This week New York Times published two great columns from Nobel prize winning economist Paul Krugman. The first column deals with the impact the recession has had on Spain. Spain has developed a massive amount of debt, despite having budget surpluses in 2007, due to the economic recession. Krugman argues that the change to the euro is largely responsible for this mess. The following is an excerpt:
And there’s not much that Spain’s government can do to make things better. The nation’s core economic problem is that costs and prices have gotten out of line with those in the rest of Europe. If Spain still had its old currency, the peseta, it could remedy that problem quickly through devaluation — by, say, reducing the value of a peseta by 20 percent against other European currencies. But Spain no longer has its own money, which means that it can regain competitiveness only through a slow, grinding process of deflation.

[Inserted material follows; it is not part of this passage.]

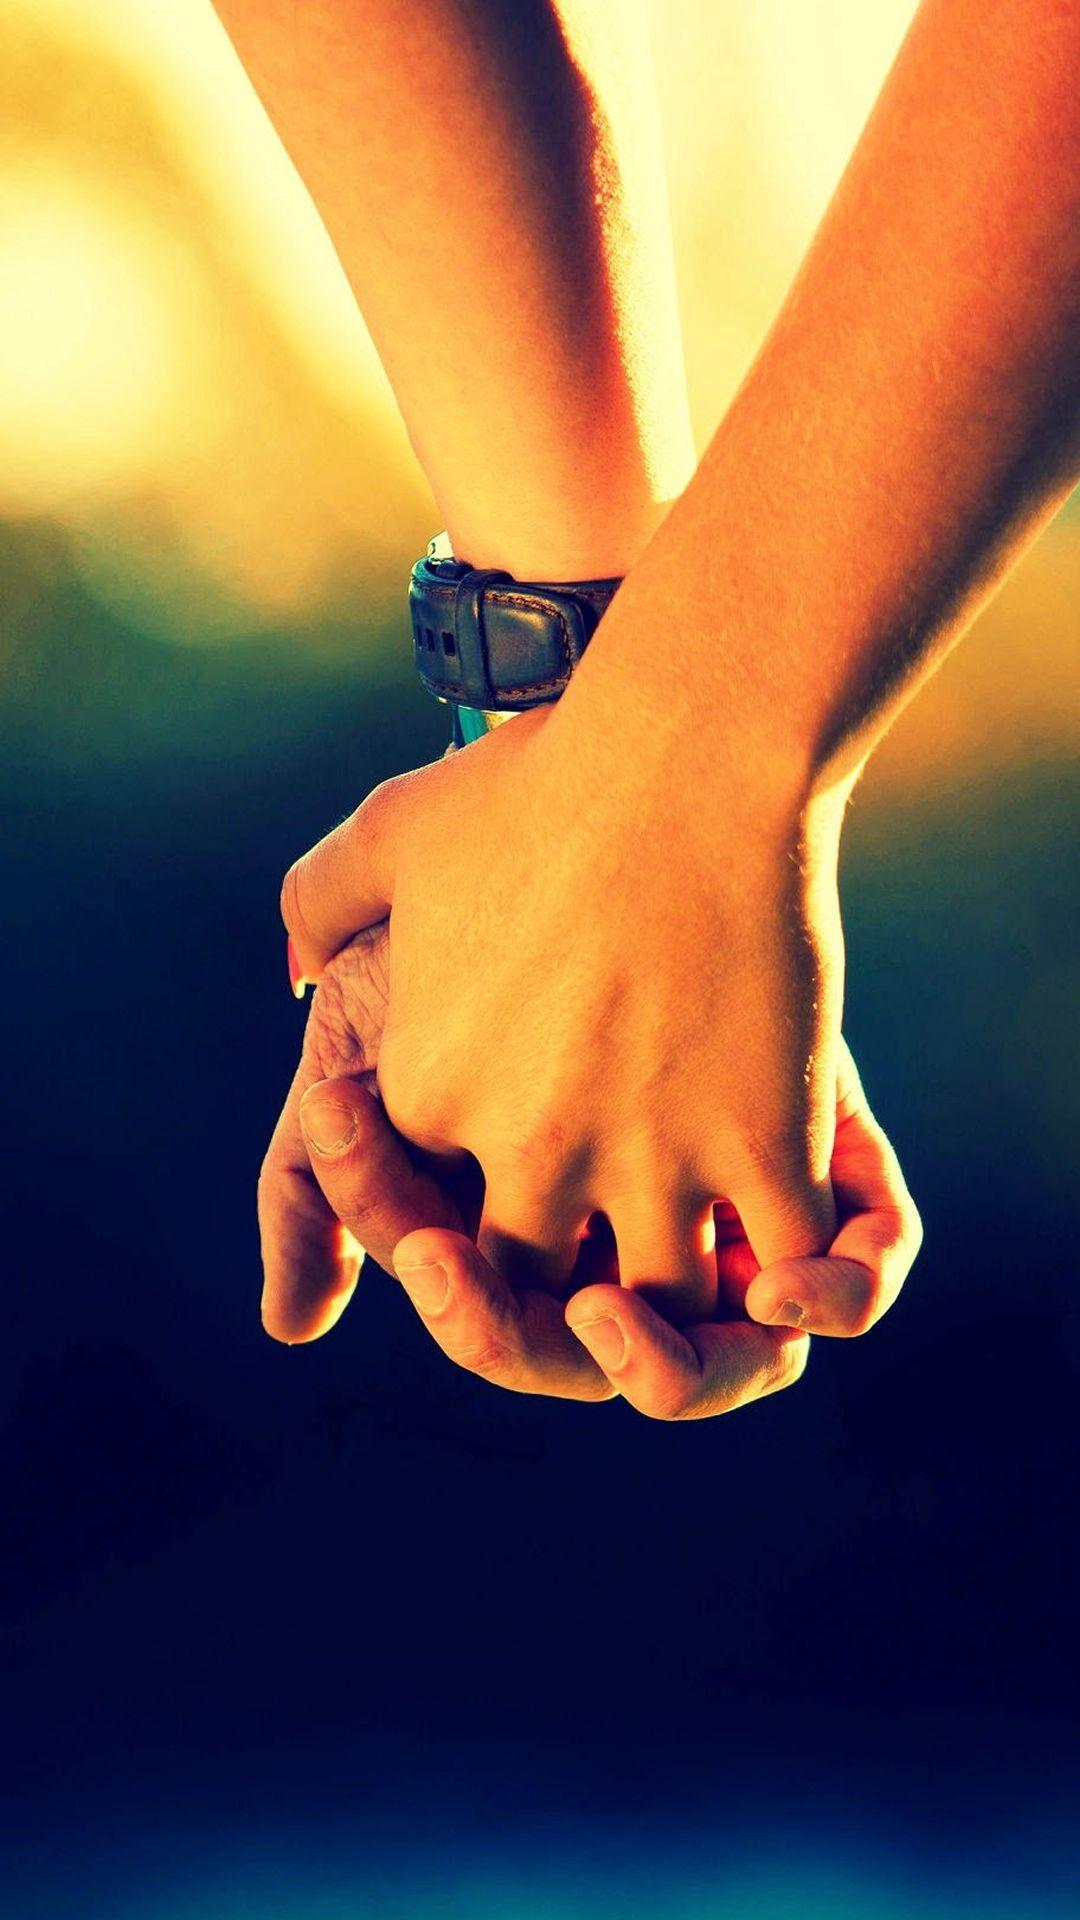 Couple holding hands, Hand wallpaper .in.com

The second column by Krugman concerns the soaring health insurance premiums Californians are facing. These premiums are rising because too many healthy people have decided to not buy health insurance. This dilutes the risk pool and forces insurers to raise premiums. Krugman argues that the only way to stop these health insurance premiums from rising is to pass comprehensive healthcare reform. The following is an excerpt:
But the main point is this: California’s death spiral is a reminder that our health care system is unraveling, and that inaction isn’t an option. Congress and the president need to make reform happen — now.